**WORK ITEM:**
Pictures must not appear in the copy. Reproduce exactly, and only, the lines from the one with "Tiger Sharks 3d" through the end of the data below.

**PROVIDED MATERIAL:**
#####

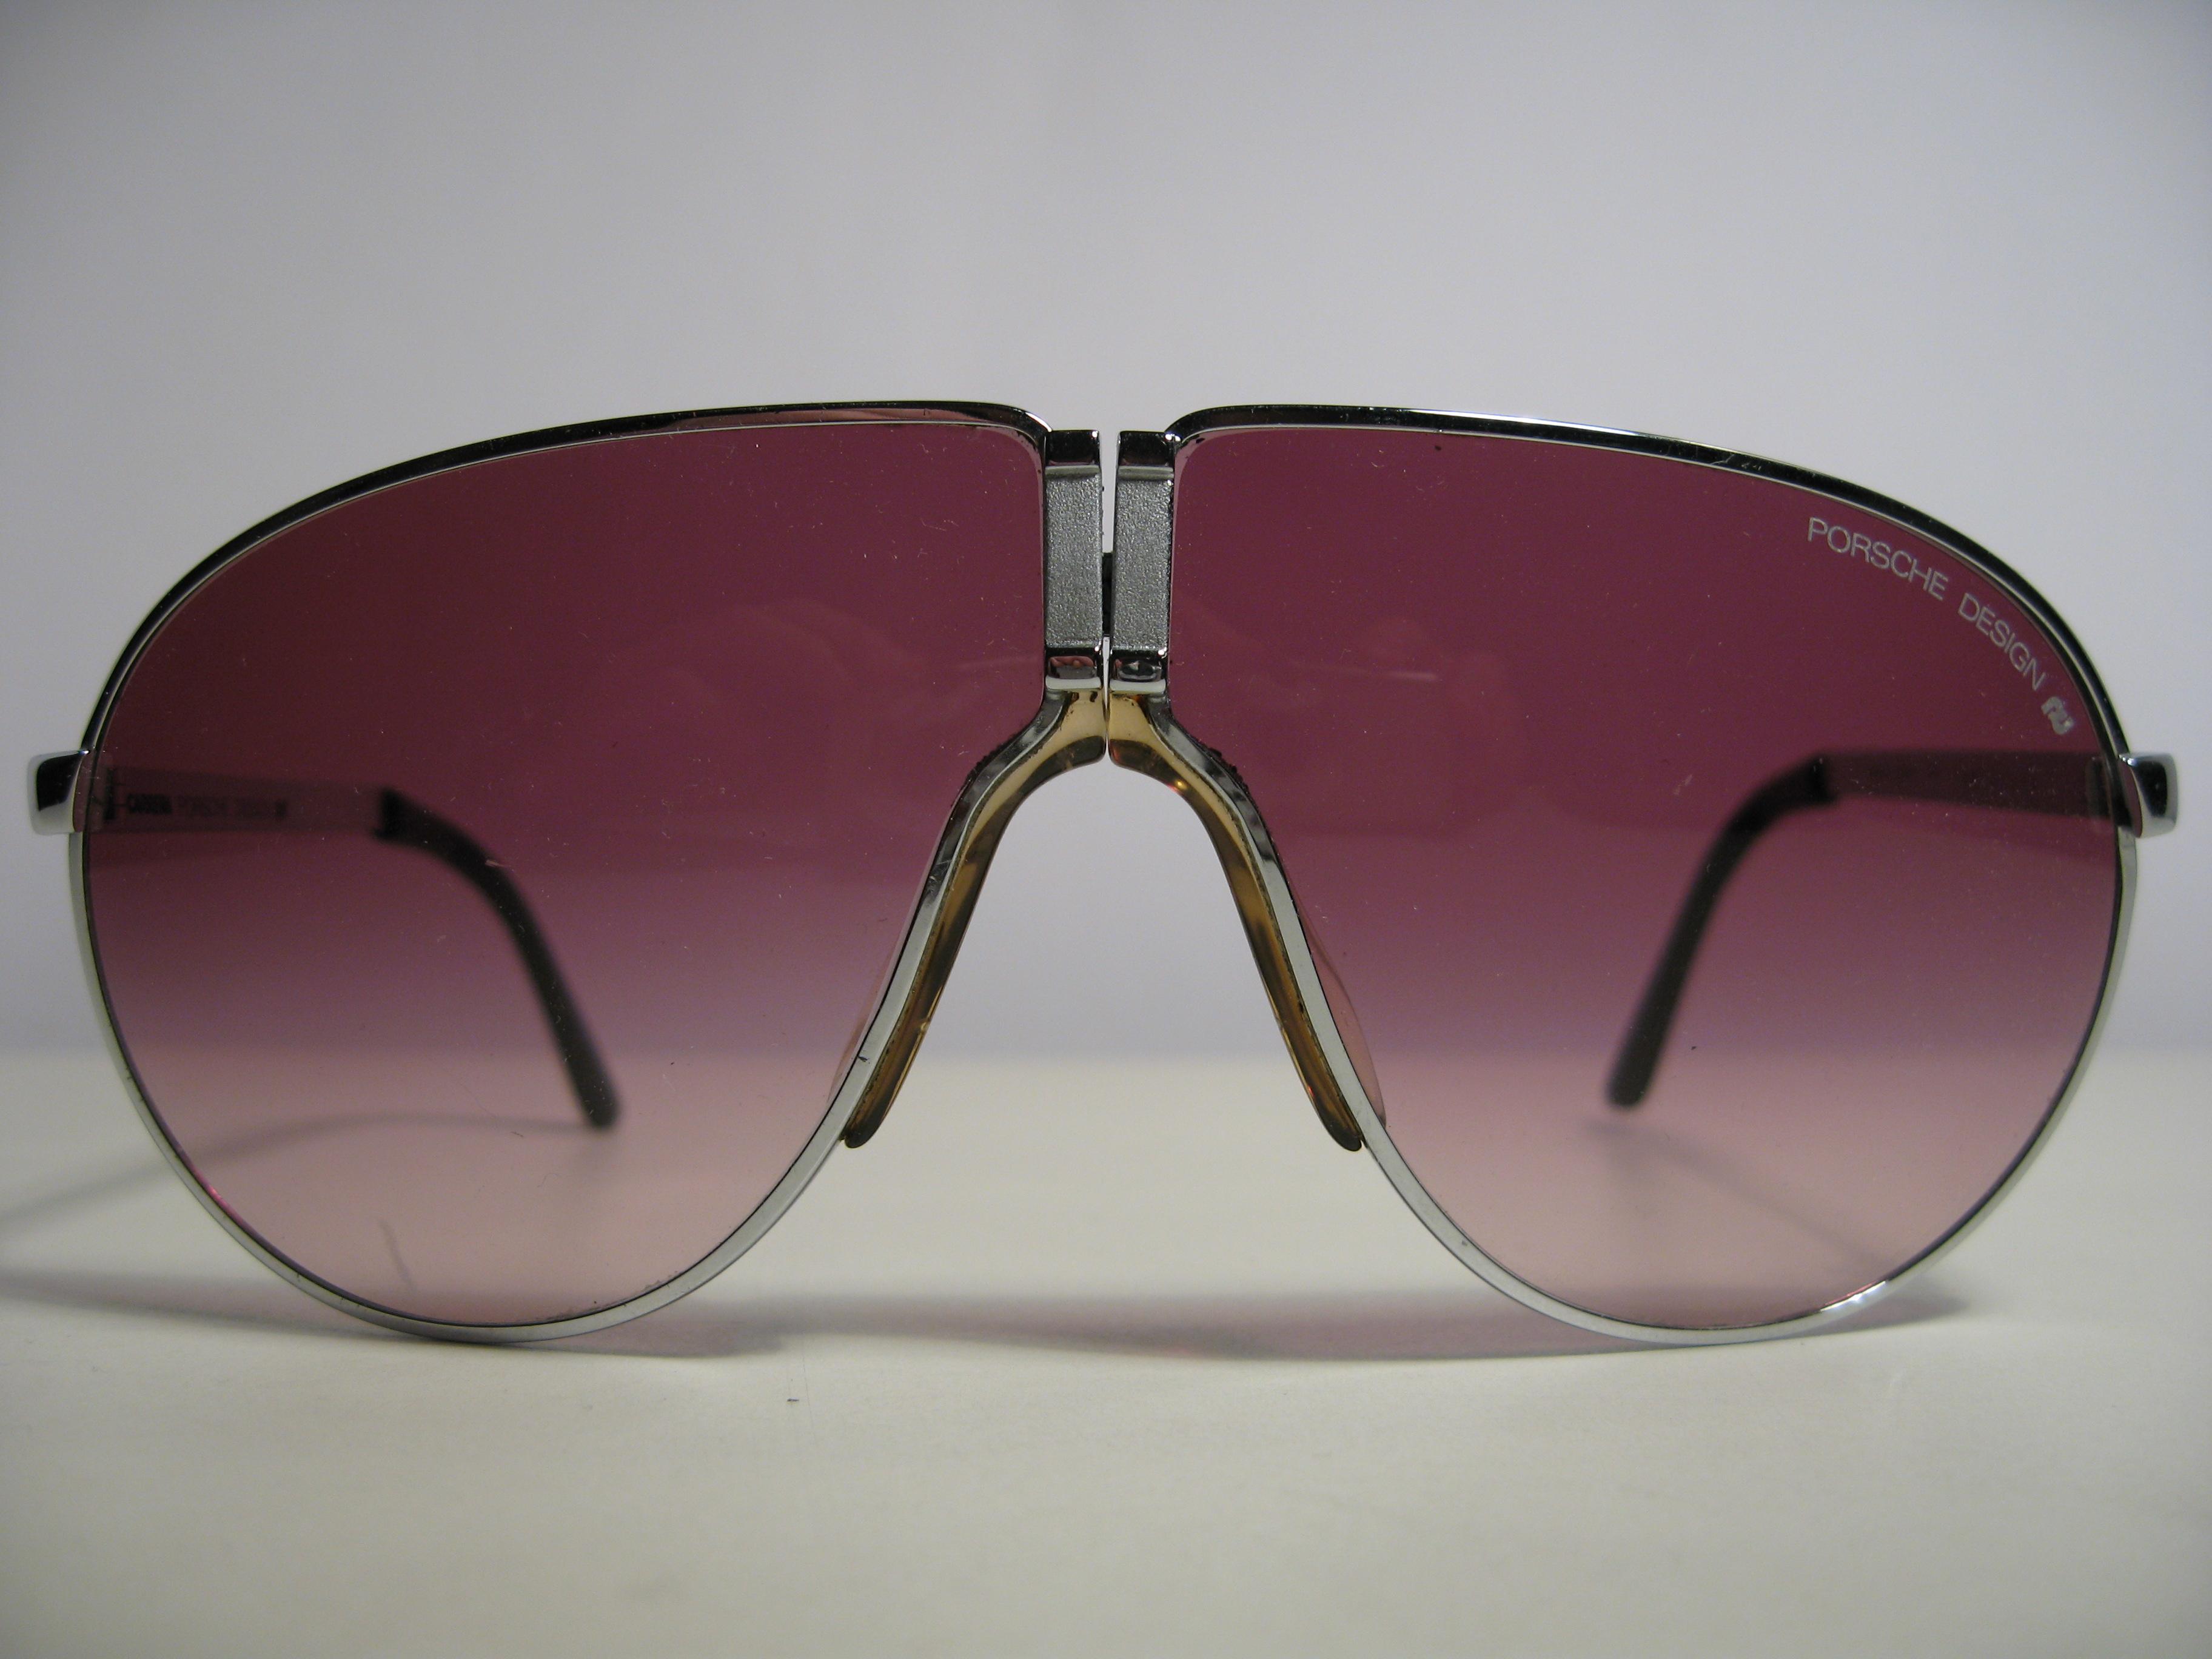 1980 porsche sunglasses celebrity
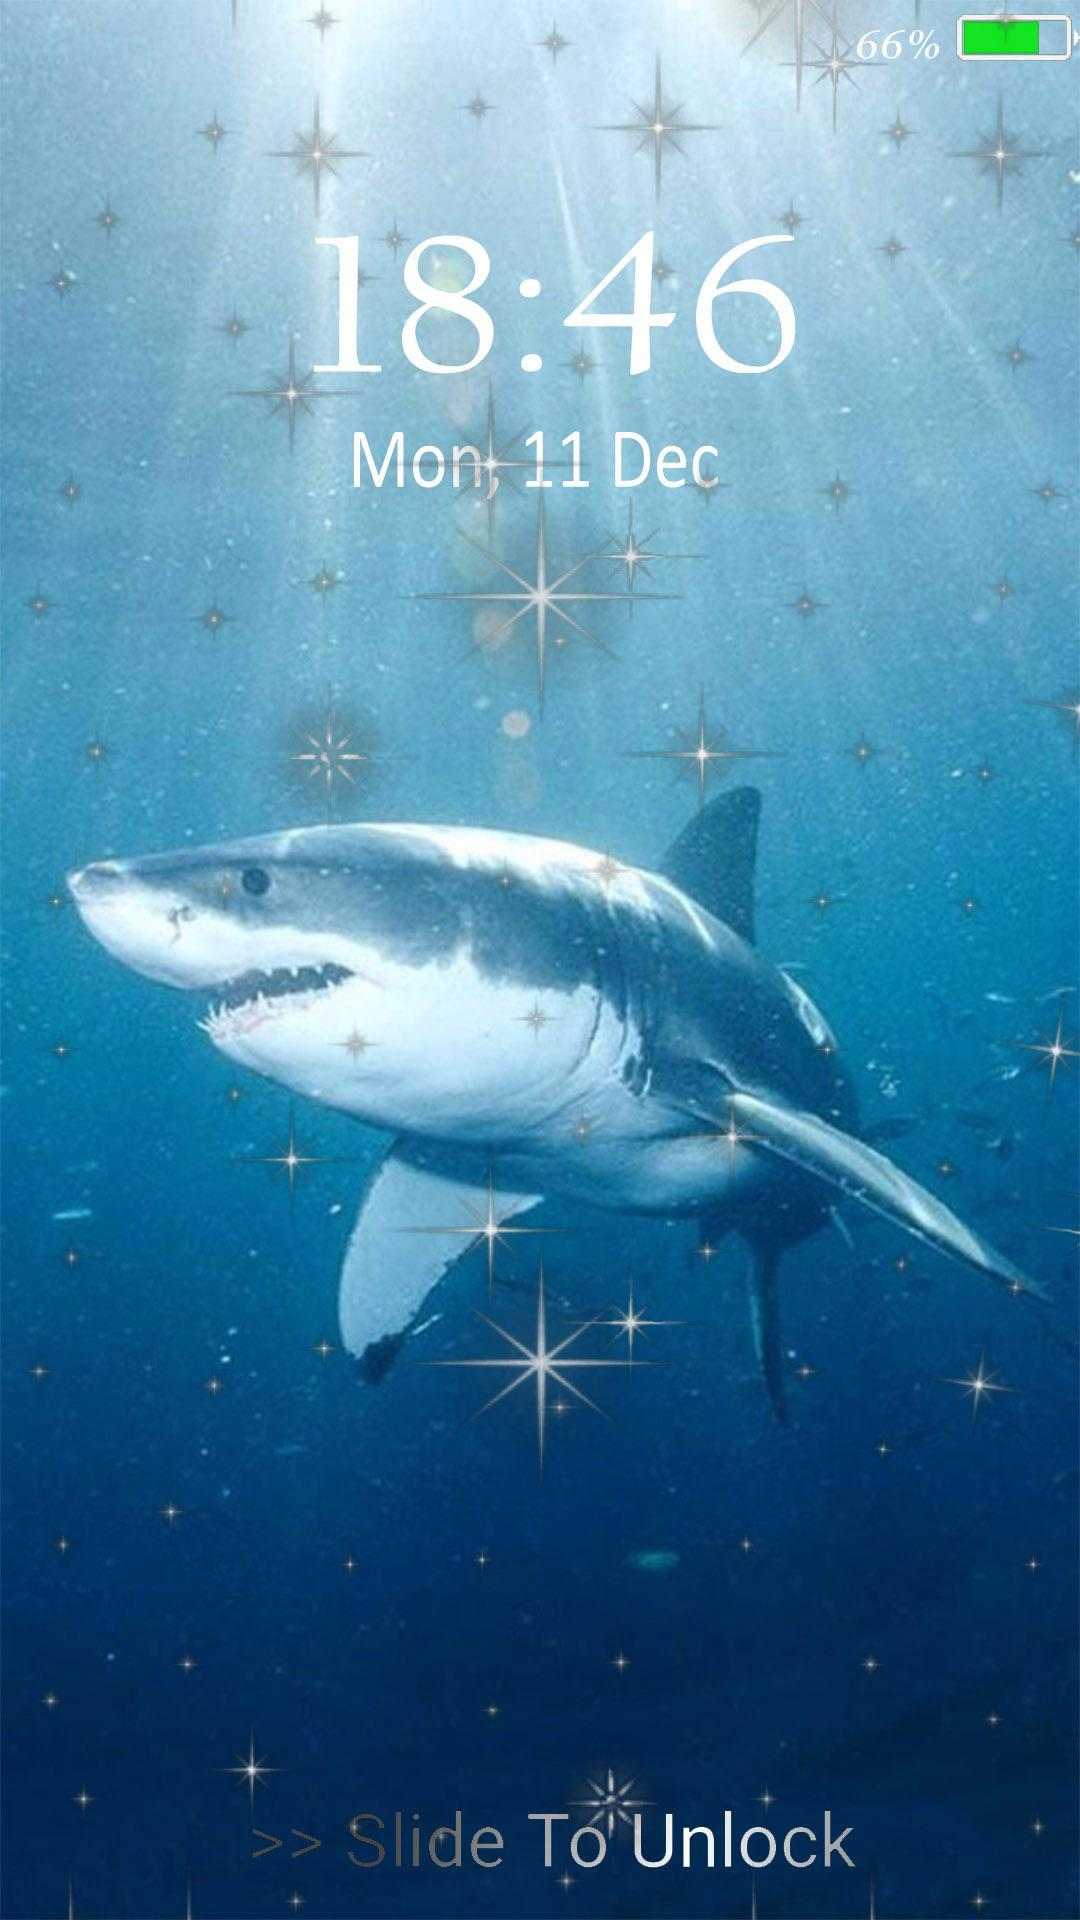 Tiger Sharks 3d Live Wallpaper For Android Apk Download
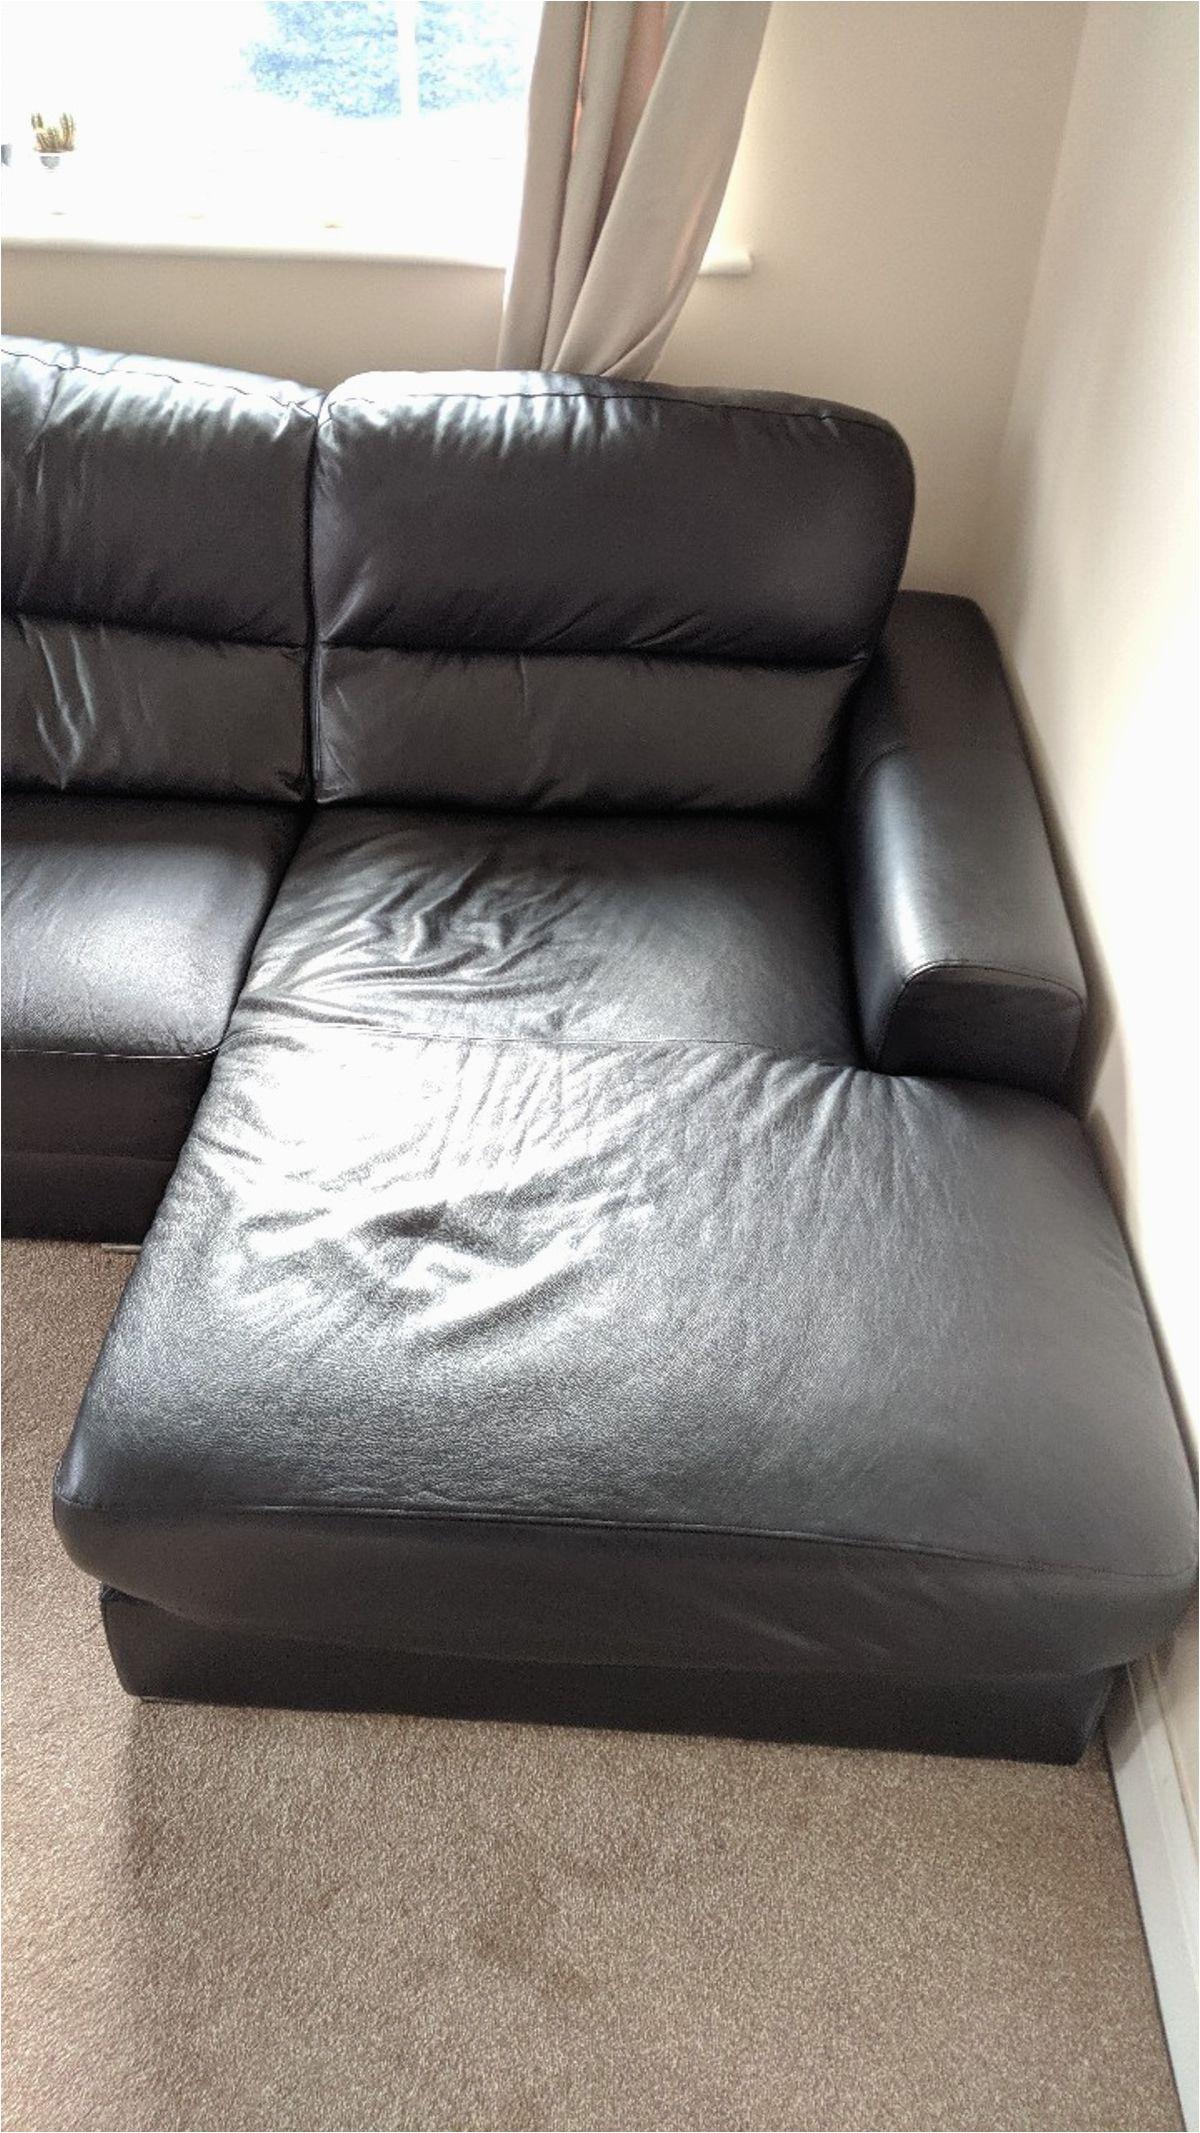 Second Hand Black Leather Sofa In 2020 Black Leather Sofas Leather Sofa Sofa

#####

**SOLUTION TO THIS PROBLEM:**
 Tiger Sharks 3d Live Wallpaper For Android Apk Download
 Second Hand Black Leather Sofa In 2020 Black Leather Sofas Leather Sofa Sofa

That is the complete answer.